Image via sportingnews.com

Andre Ethier is the latest outfielder to hit the free agent market. The Los Angeles Dodgers announced Sunday night that they have declined Ethier’s option for the 2018 season. The Dodgers will pay him a $2.5 million buyout rather than invite him back to Los Angeles next season for $17.5 million. The move is not a surprise, as Ethier has been held back by injuries the past two seasons. However, he did participate during the playoffs and drove in the only run the Dodgers scored in Game 7 of the World Series.

It’s truly the end of an era for the 35-year old Ethier, who made his big league debut with the Dodgers in 2006. He’s known no other organization for more than a decade and was a constant presence in the Dodgers lineup until injuries kept him sidelined the past two seasons.

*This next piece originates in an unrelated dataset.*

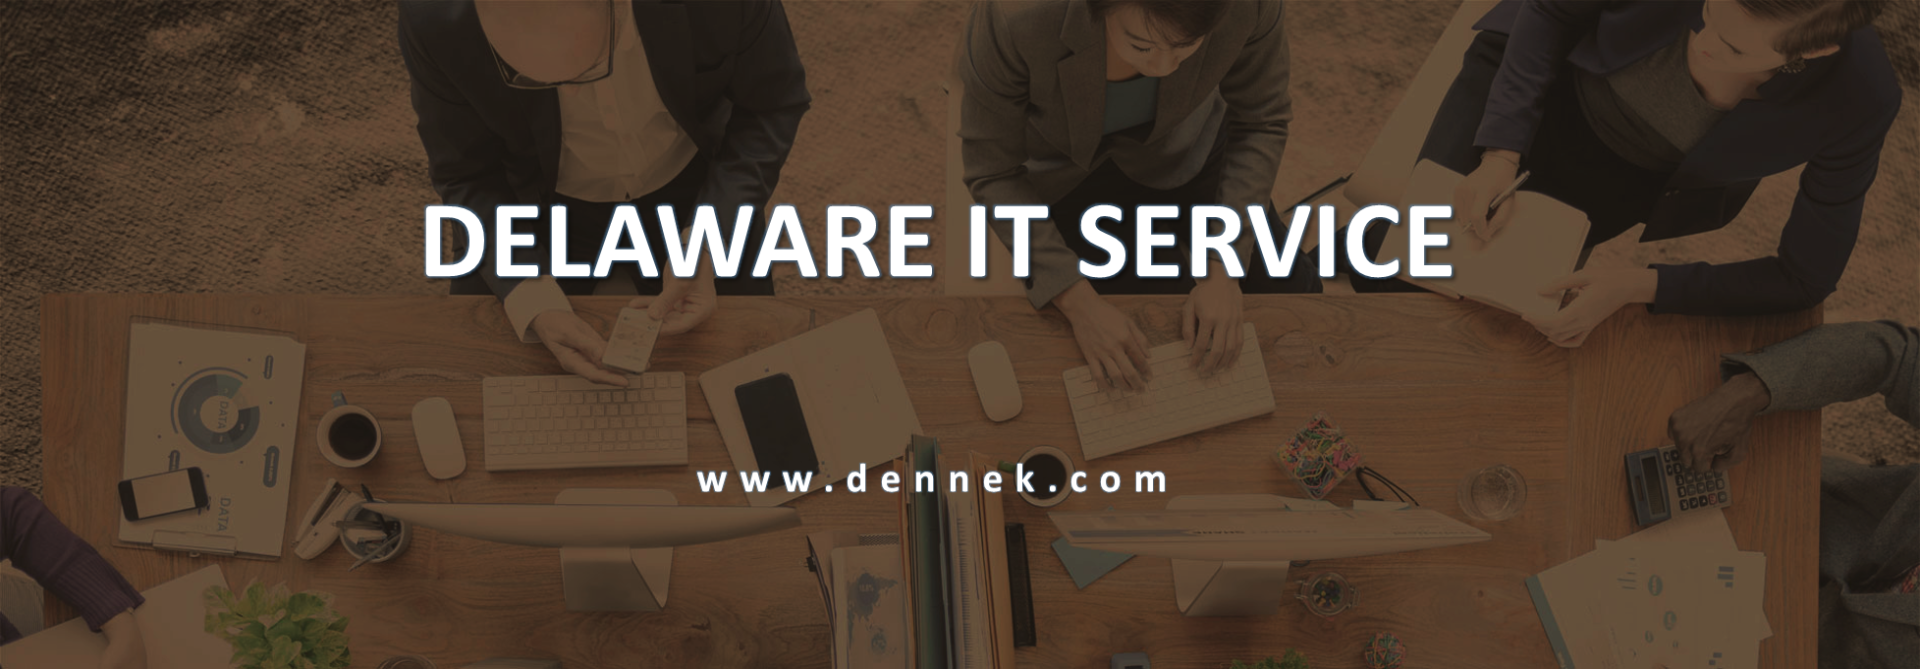 Delaware IT Services

“It’s been a long two summers of going through these injuries and trying to fight to get back on the field. It’s been a long 12 years of playing for this organization and in front of these fans,” Ethier said after receiving a warm ovation from the fans after he was activated off the DL late in the season. “To be for the most part forgotten because I wasn’t on the field, then to come back and them embracing me was pretty special to me.”

Ethier had just 58 total at-bats between the 2016 and 2017 seasons. He broke his leg during spring training in 2016 and didn’t return until September. This past season, Ethier was trouble by a herniated disc and didn’t come off the DL until September. However, he did manage to play in the postseason both years. In this year’s playoffs, Ethier was 4 for 13 with a home run. During his tenure with the Dodgers, Ethier hit .285 with 162 home runs and 687 RBIs.

Given his injury issues the past couple of years, one has to wonder if this is the end of the line for Ethier. He showed during the playoffs that he may have something left in the tank. However, the back issues that kept him sidelined for much of the season could continue to hinder him. It may still be possible for Ethier to contribute at the big league level in a part-time role. But he may need to sign a minor league contract and prove himself during spring training in order to make an opening day roster next year.

As for the Dodgers, their outfield should be in good shape without Ethier. The Dodgers have Yasiel Puig, Chris Taylor, Joc Pederson, and Enrique Hernandez as a starting point for their 2018 outfield. Andrew Toles and prospect Alex Verdugo should also factor into the equation. That group should be enough, although you can never rule out the Dodgers trying to upgrade during the offseason.

It will no doubt be odd for Ethier to not be with the Dodgers next year after 12 seasons with the team. But he likely knew that his time in Los Angeles was coming to an end. Unfortunately, it remains to be seen whether or not we’ve seen the last of Ethier in the big leagues.